Nous pouvons encore l’éviter. Le Président de la République avait annoncé à Saint-Martin, le 12 Septembre dernier, sa volonté de « bousculer les procédures et les délais » pour la reconstruction de Saint-Martin. Le volontarisme présidentiel doit donc, plus que jamais, surmonter les blocages bureaucratiques et comptables. J’ai confiance, et espère que des solutions ambitieuses seront trouvées...
Car se limiter au droit commun reviendrait à méconnaître les réalités concrètes, et très inquiétantes, de la situation de nos socio-professionnels, lesquels ont fait preuve, jusqu’à présent, d’une admirable retenue, y compris en matière d’exposition médiatique.
A moyen terme, pour reconstruire Saint-Martin, il faudra « marcher sur ses deux jambes » : utiliser optimalement les crédits publics et attirer efficacement les investisseurs privés.
Mais on ne peut pas, décemment, nous priver des uns au nom de considérations comptables, et faire fuir les autres au nom d’une réglementation tatillonne et inadaptée.
Et je ne parle pas que des administrations : force est de constater que certaines compagnies d’assurance et certaines banques, non plus, ne « jouent pas le jeu ».
J’entends même dire que certains organismes de réassurance considéreraient Saint-Martin - une collectivité territoriale de la République ! - comme un « territoire à risque ».
D’une part, nous attendons toujours, deux mois après la catastrophe, l’engagement de l’Etat.
Nous avons eu, certes, droit à de la sympathie et à de la compassion ; dit autrement, nous avons eu les mots d’amour, nous attendons encore les preuves d’amour...
Pour nous, à Saint-Martin, la solidarité nationale n’est pas un « gros mot », et doit prévaloir.
Dans les circonstances présentes, aucun effort de reconstruction ne sera opérant et viable sans un retour pérenne de la sécurité des biens et des personnes.
Ce qui implique, non seulement le maintien des effectifs des forces de l’ordre à un haut niveau (et je remercie le Premier ministre de m’avoir apporté des assurances en ce sens), mais aussi, et surtout, la sauvegarde de la cohésion sociale, actuellement minée par le chômage de masse qui se profile, faute de concrétisation des engagements ébauchés sur le chômage partiel ou sur les exonérations de charges.

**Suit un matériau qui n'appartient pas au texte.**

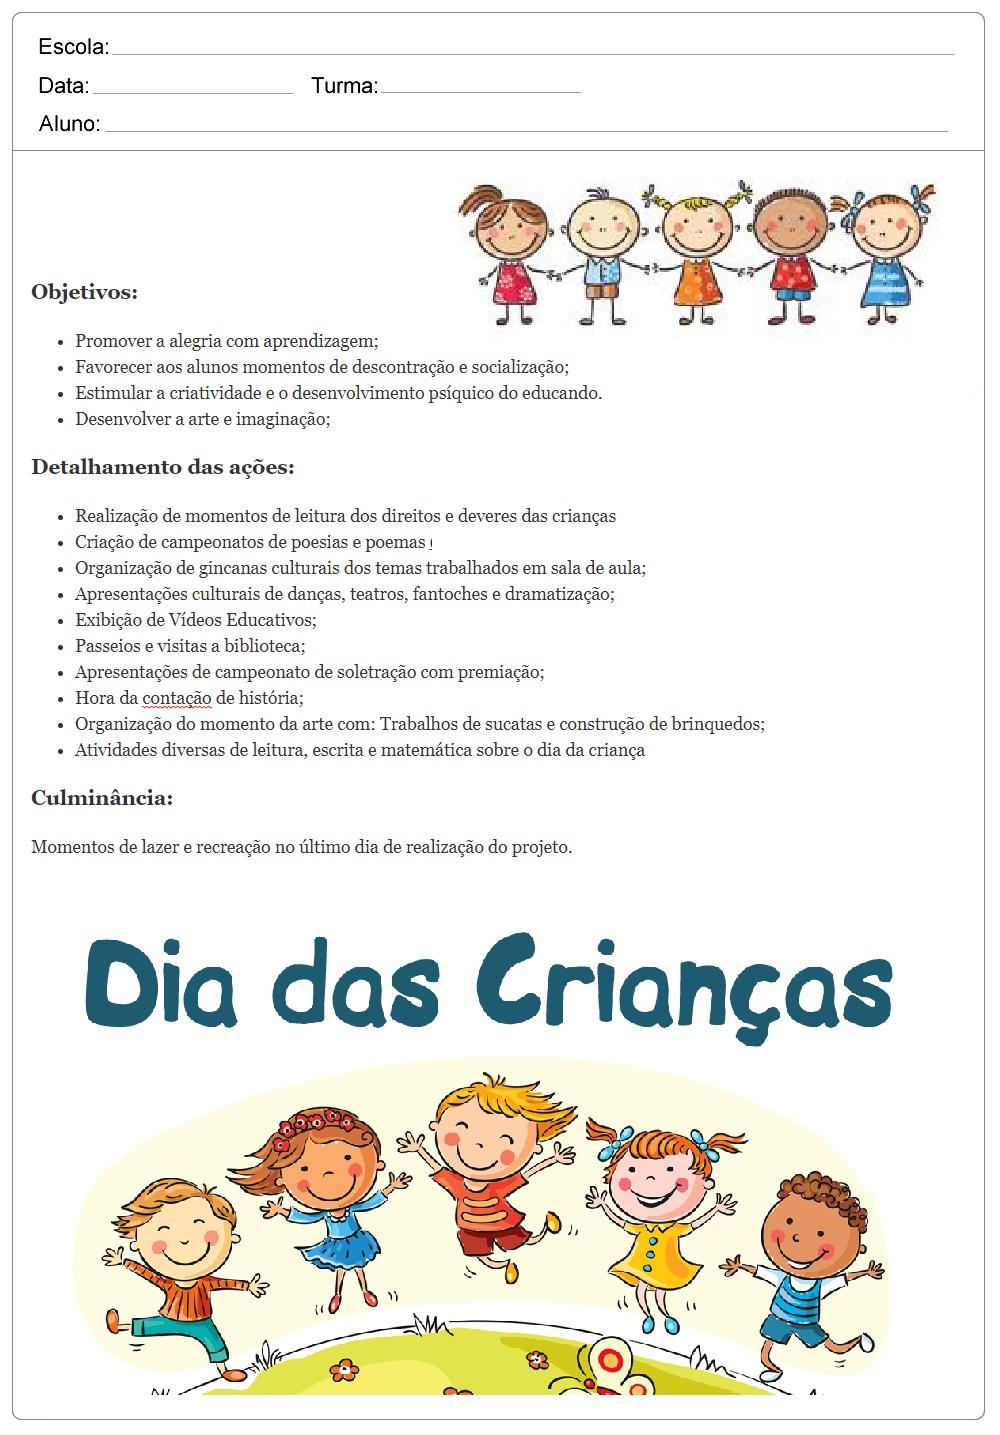 Planos de aula para Dia das Crianças - Semana da Criança.

Nous attendons donc toujours un engagement ambitieux et déterminé de l’Etat en matière d’investissements publics.
La reconstruction et la renaissance de mon île en dépendent. L’effort budgétaire de la Nation que nous appelons de nos vœux sera, à l’échelle du budget de l’Etat, minime ; alors que pour nous, il sera déterminant. Je dirais même vital.
Cela sera particulièrement le cas en ce qui concerne la reconstruction des bâtiments scolaires : la Collectivité, faute d’activité économique et de recettes fiscales, n’aura pas les moyens de reconstruire, et je refuserai, à la rentrée prochaine, de laisser les élèves saint-martinois dans des bâtiments « provisoires » destinés, faute d’engagement de l’Etat, à durer...

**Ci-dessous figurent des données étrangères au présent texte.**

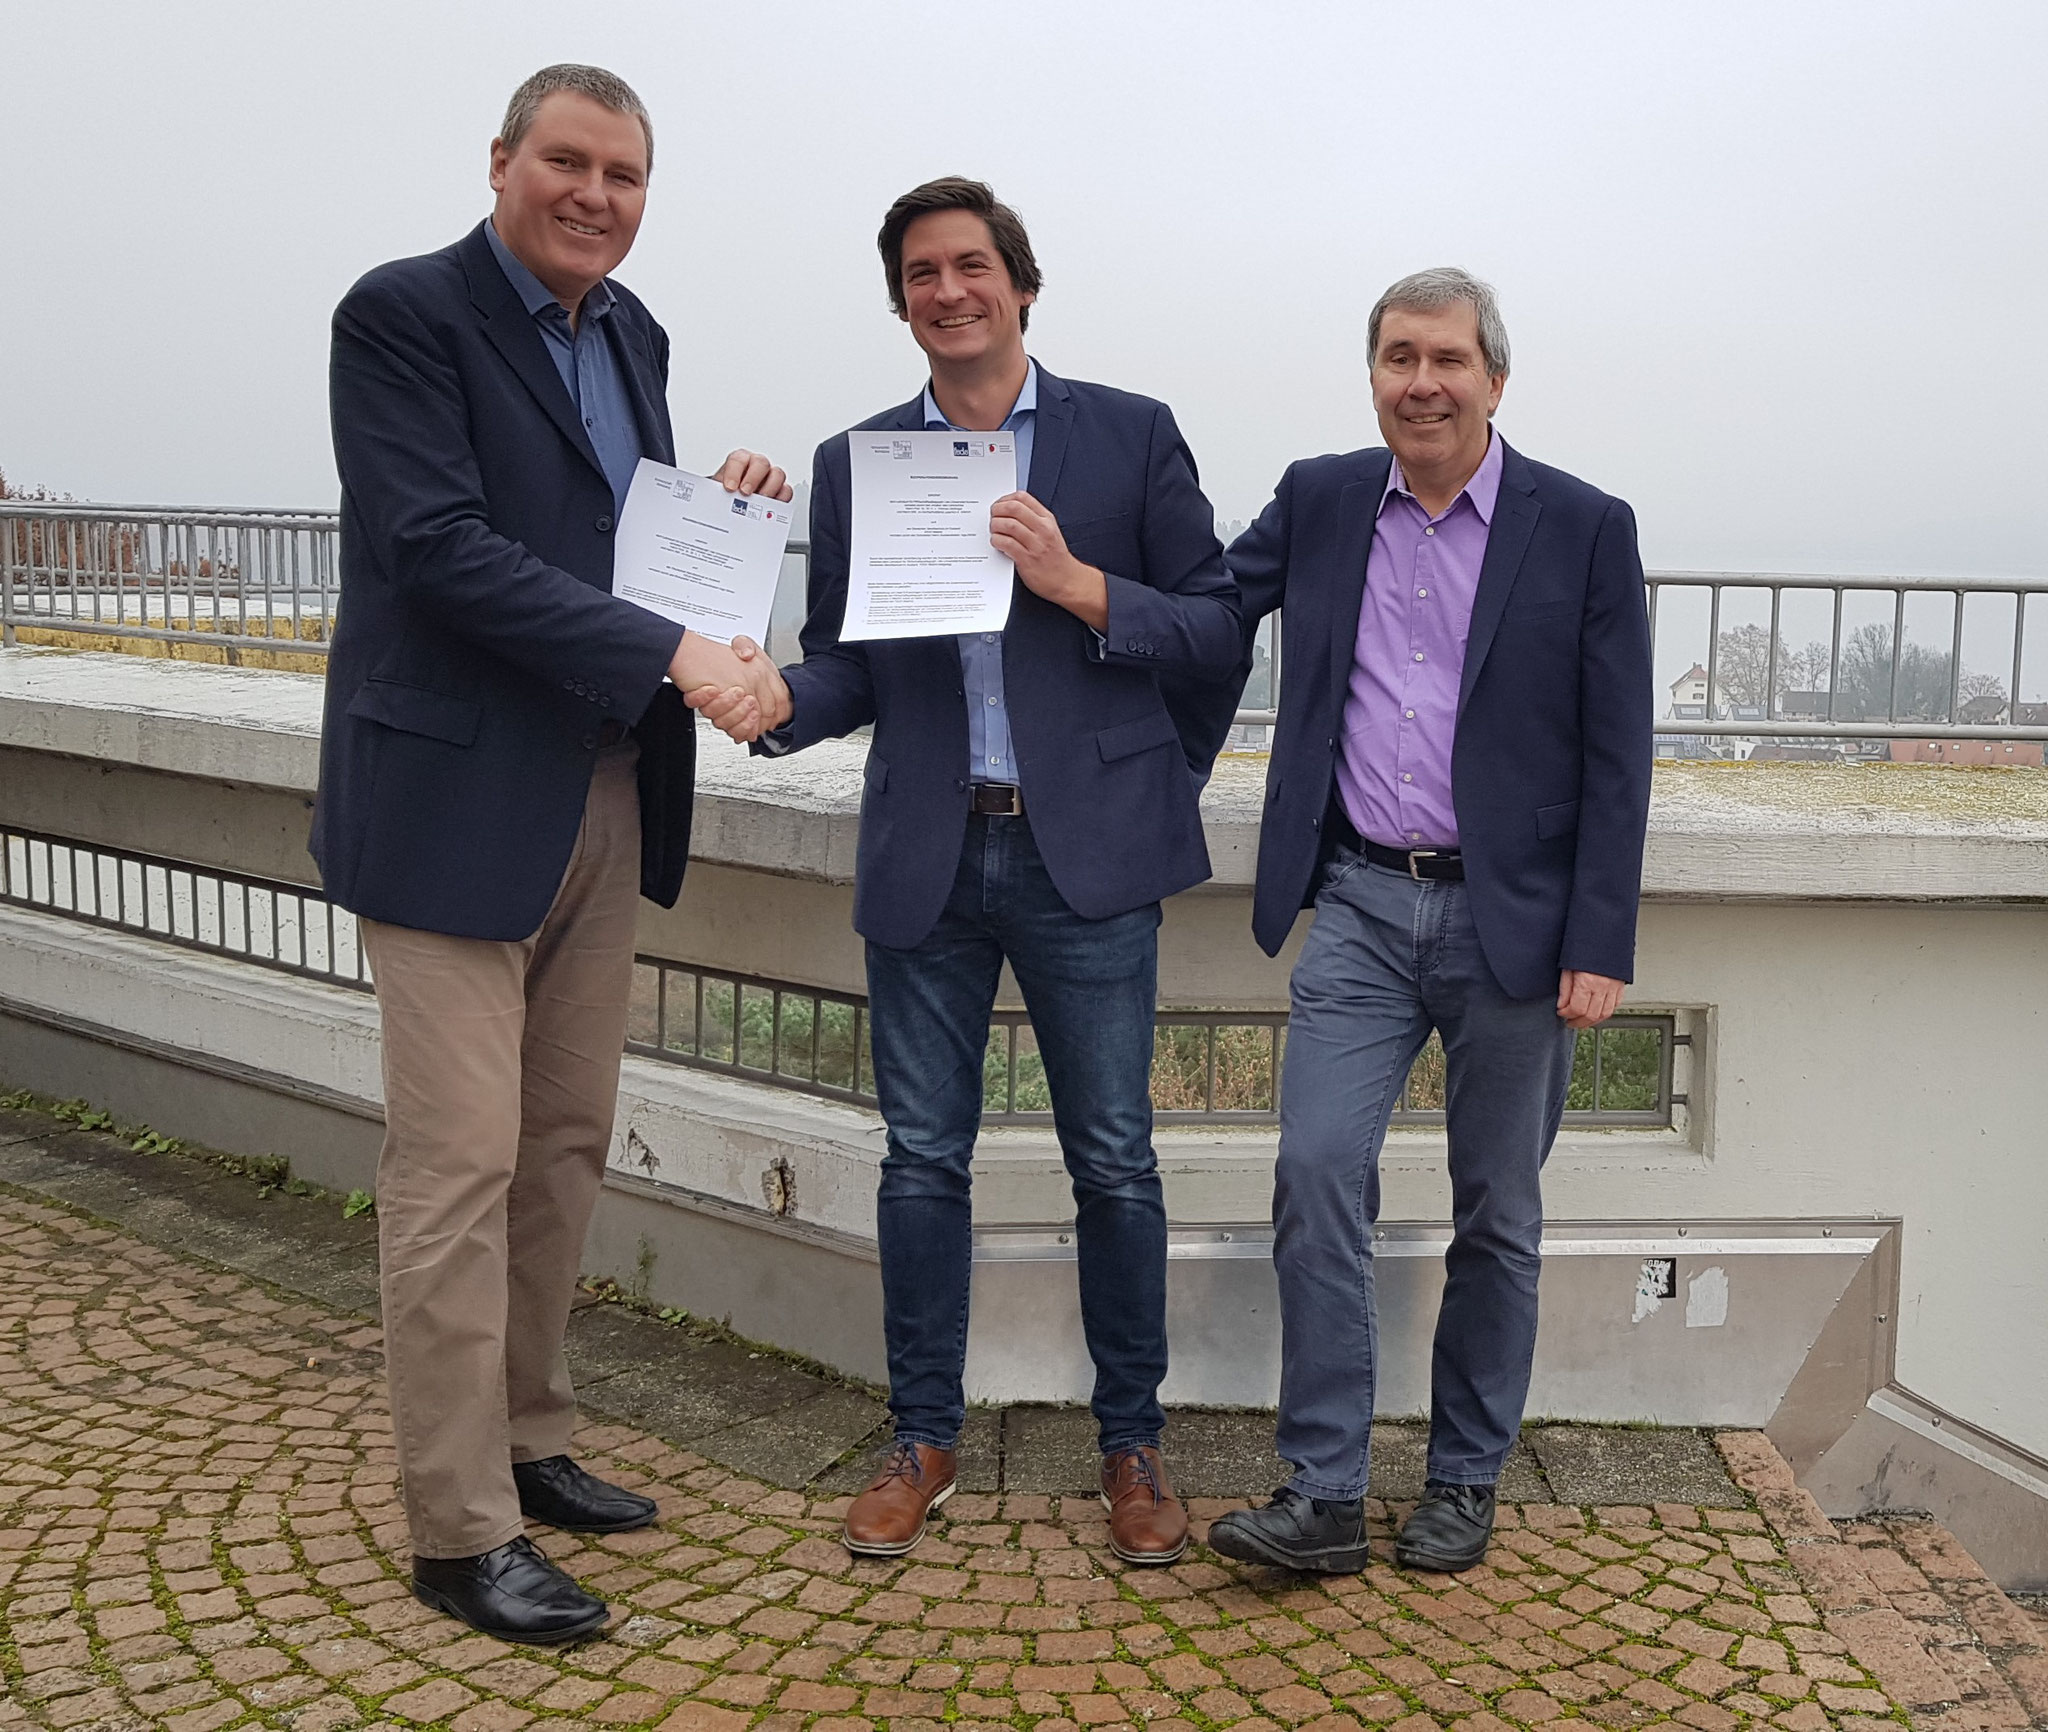 Lehrstuhl für Wirtschaftspädagogik Prof. Dr. Dr. h.c. Thomas Deißinger und Joachim Dietrich sowie FEDA-Schulleiter Ingo Winter

Vous l’avez redit et montré, l’avenir de nos enfants est une priorité de la Nation : j’espère que l’Etat nous aidera à réussir ce noble défi.
D’autre part, une économie prospère, tirée par l’essor du secteur privé, implique le retour du goût du risque, de l’envie d’entreprendre...
Mais force est de constater que la réglementation et les lourdeurs administratives découragent bien souvent les volontés et les talents.
Nous voulons donc que l’Etat s’engage à accompagner la Collectivité pour la réalisation de projets structurants et porteurs de ressources afin de lui garantir une plus grande autonomie financière, notamment à travers la fiscalité dont elle a la compétence : on s’inscrit ici dans une logique « gagnant/gagnant ».
Pour résumer la situation, nous assumons nos responsabilités, nous assumons nos compétences. Nous assumons même les erreurs de nos prédécesseurs, comme vous, M. le Premier ministre !
Mais, pour bâtir l’avenir, en partenariat avec l’Etat, nous avons besoin de soutien et de considération, sans lesquels nous ne parviendrons pas à surmonter cette épreuve inédite.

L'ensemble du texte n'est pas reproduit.